Hint Constructors value.
(** Extending substitution to handle the new syntax of terms is
straightforward. *)
Fixpoint subst (x:id) (s:tm) (t:tm) : tm :=
match t with
| tvar x' =>
if beq_id x x' then s else t
| tapp t1 t2 =>
tapp (subst x s t1) (subst x s t2)
| tabs x' T t1 =>
if beq_id x x' then t else tabs x' T (subst x s t1)
| tnat n =>
t
| tsucc t1 =>
tsucc (subst x s t1)
| tpred t1 =>
tpred (subst x s t1)
| tmult t1 t2 =>
tmult (subst x s t1) (subst x s t2)
| tif0 t1 t2 t3 =>
tif0 (subst x s t1) (subst x s t2) (subst x s t3)
| tunit =>
t
| tref t1 =>
tref (subst x s t1)
| tderef t1 =>
tderef (subst x s t1)
| tassign t1 t2 =>
tassign (subst x s t1) (subst x s t2)
| tloc _ =>
t
end.
Notation "'[' x ':=' s ']' t" := (subst x s t) (at level 20).

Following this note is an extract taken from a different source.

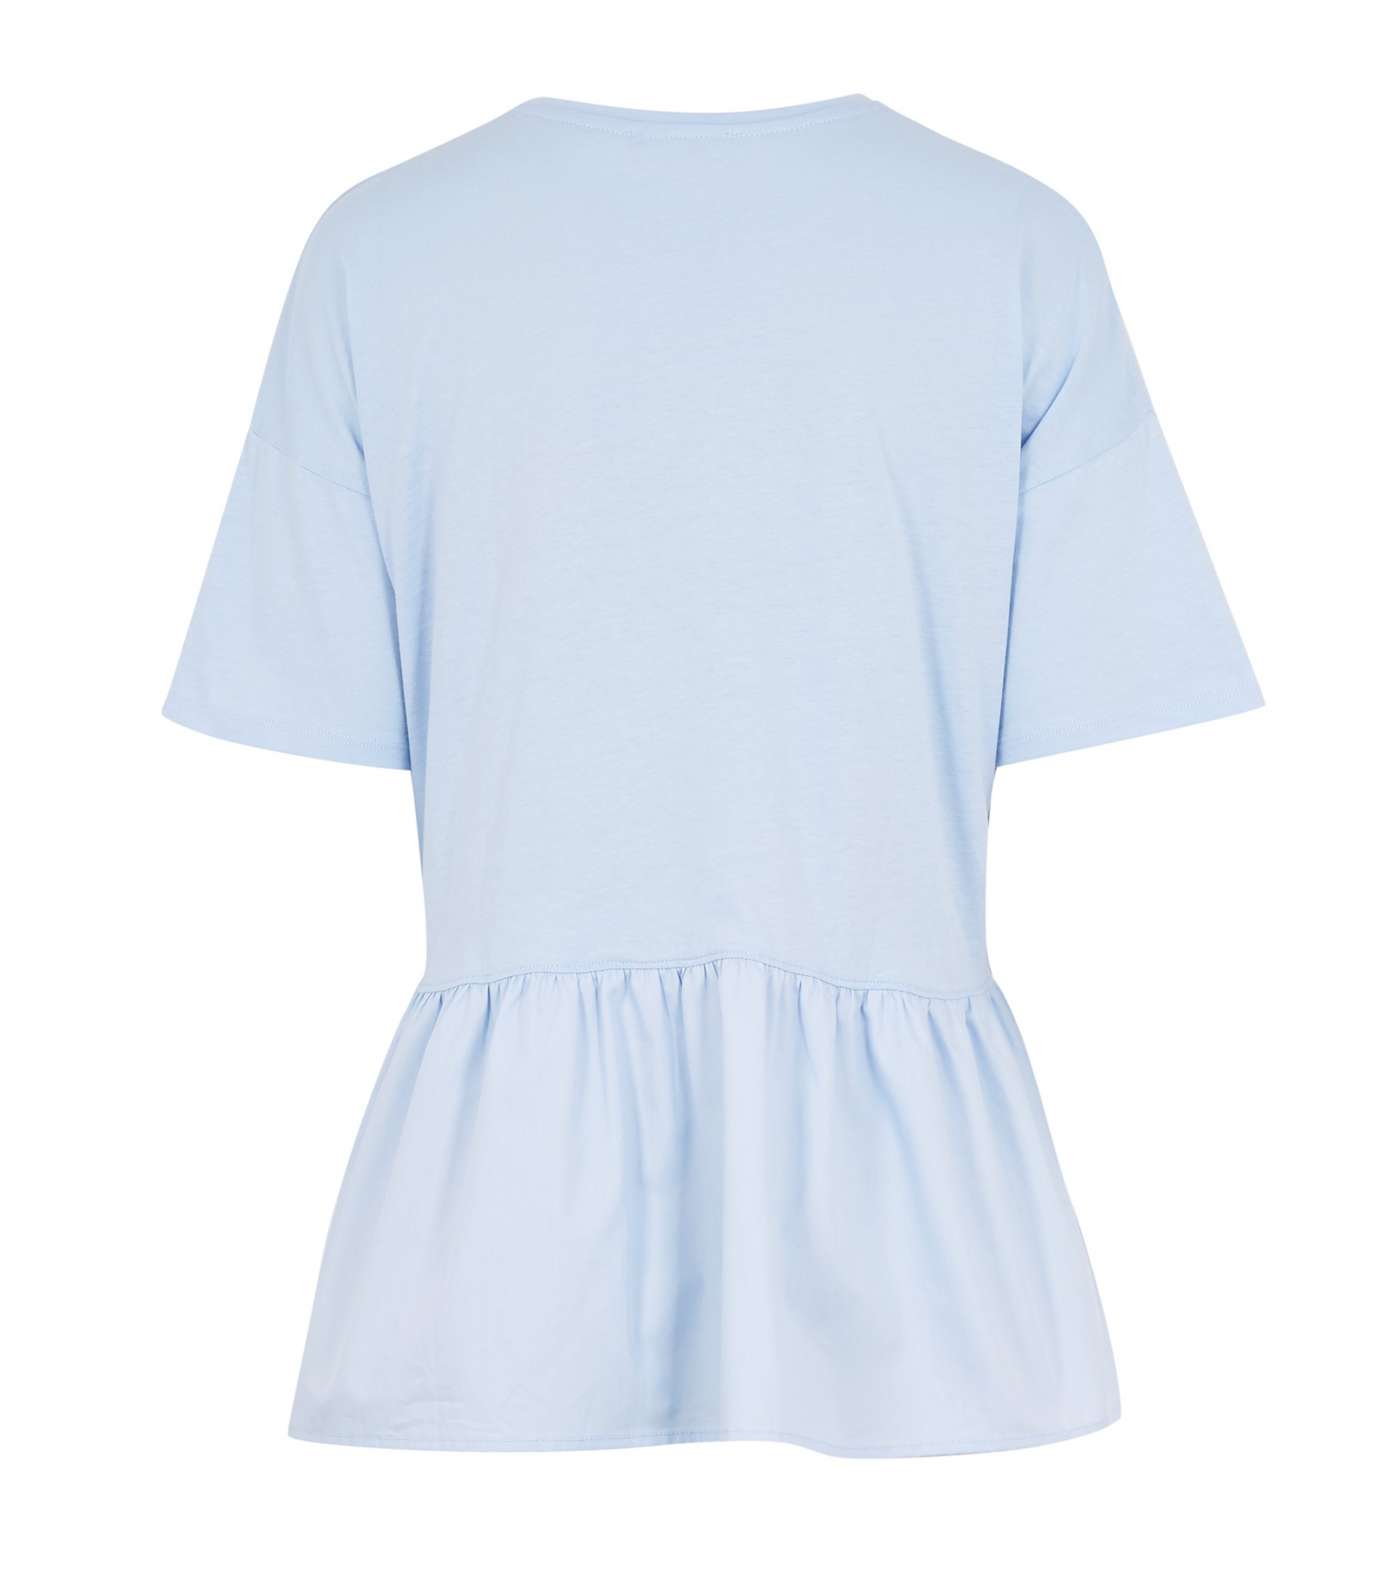 Pale Blue Woven Peplum T-Shirt Image 2

(* ################################################################# *)
(** * Pragmatics *)
(* ================================================================= *)

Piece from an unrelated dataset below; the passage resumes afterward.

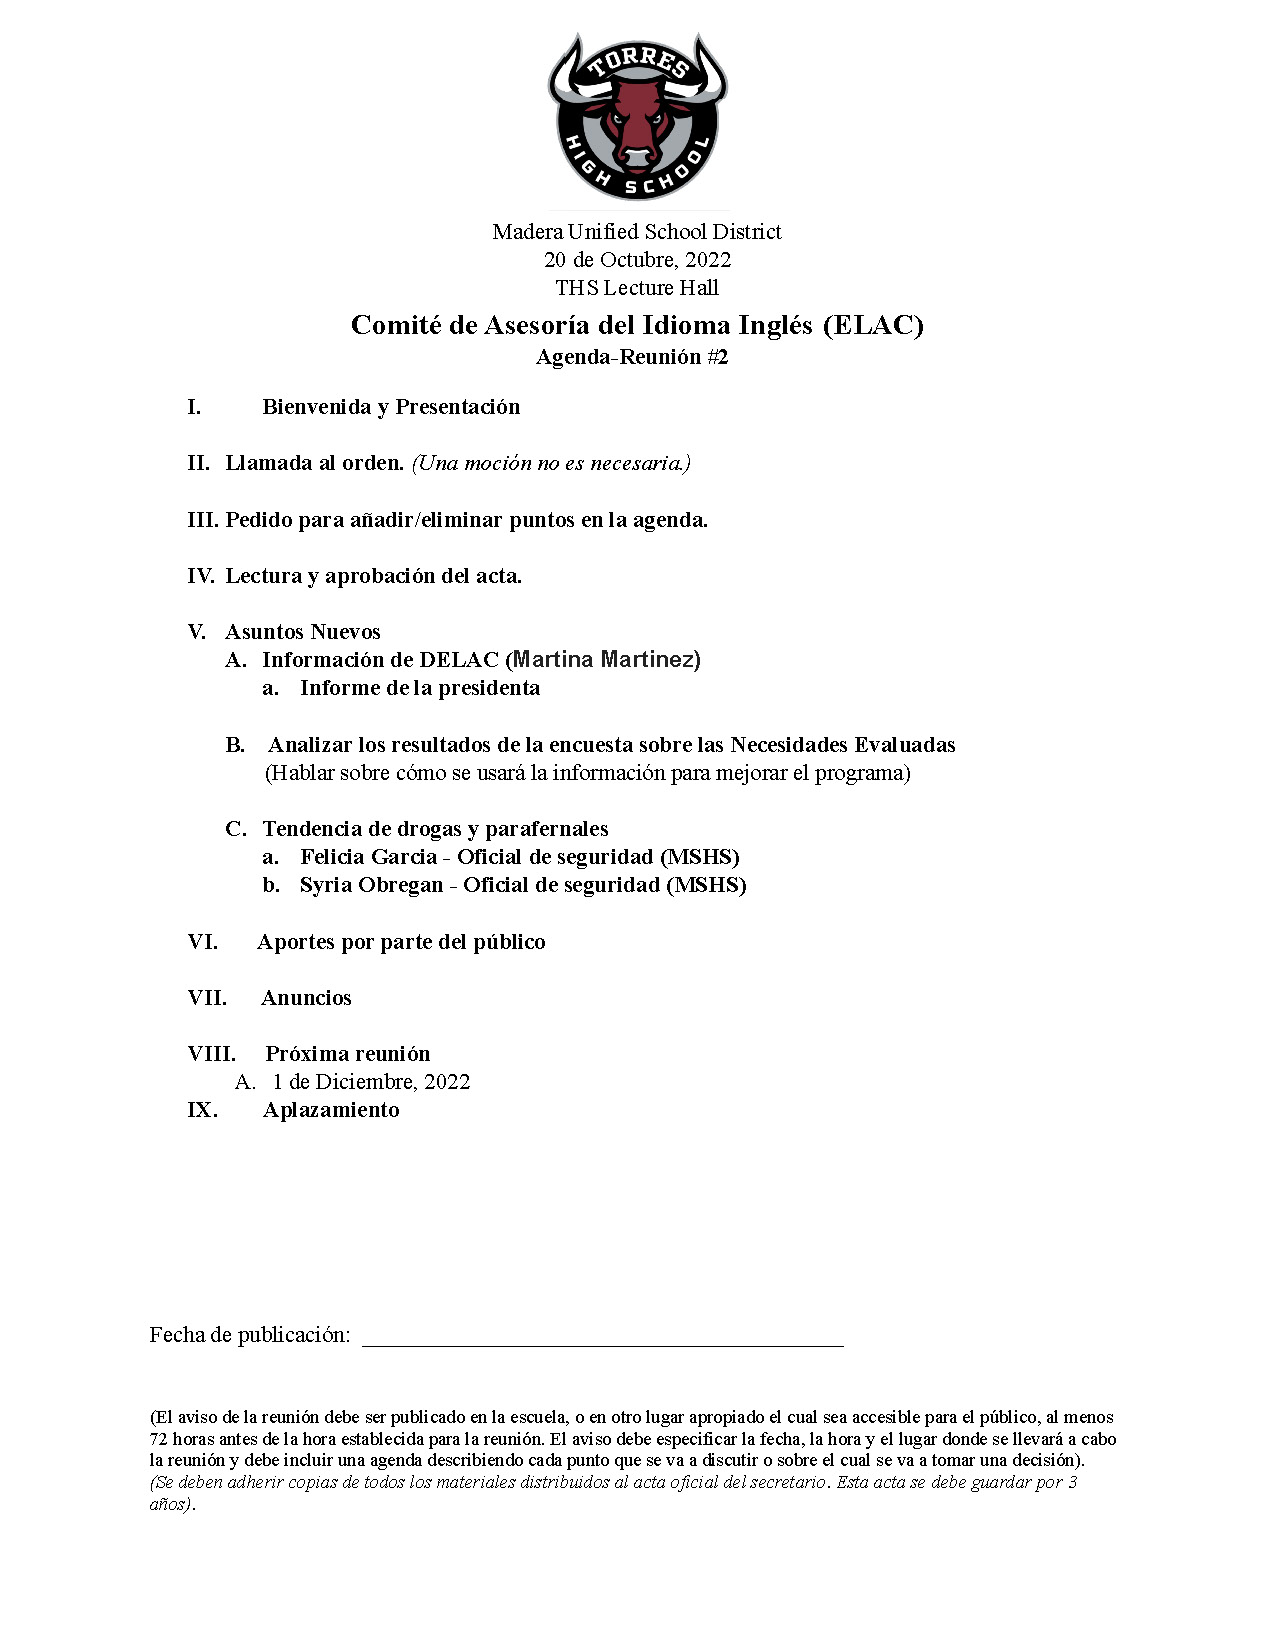 ELAC-2 Agenda THS 10-20-2022 miniatura del Español

(** ** Side Effects and Sequencing *)
(** The fact that we've chosen the result of an assignment
expression to be the trivial value [unit] allows a nice
abbreviation for _sequencing_. For example, we can write
r:=succ(!r); !r
as an abbreviation for
(\x:Unit. !r) (r:=succ(!r)).
This has the effect of reducing two expressions in order and
returning the value of the second. Restricting the type of the
first expression to [Unit] helps the typechecker to catch some
silly errors by permitting us to throw away the first value only
if it is really guaranteed to be trivial.
Notice that, if the second expression is also an assignment, then
the type of the whole sequence will be [Unit], so we can validly
place it to the left of another [;] to build longer sequences of
assignments:
r:=succ(!r); r:=succ(!r); r:=succ(!r); r:=succ(!r); !r
*)
(** Formally, we introduce sequencing as a _derived form_
[tseq] that expands into an abstraction and an application. *)
Definition tseq t1 t2 :=
tapp (tabs (Id 0) TUnit t2) t1.
(* ================================================================= *)
(** ** References and Aliasing *)
(** It is important to bear in mind the difference between the
_reference_ that is bound to some variable [r] and the _cell_
in the store that is pointed to by this reference.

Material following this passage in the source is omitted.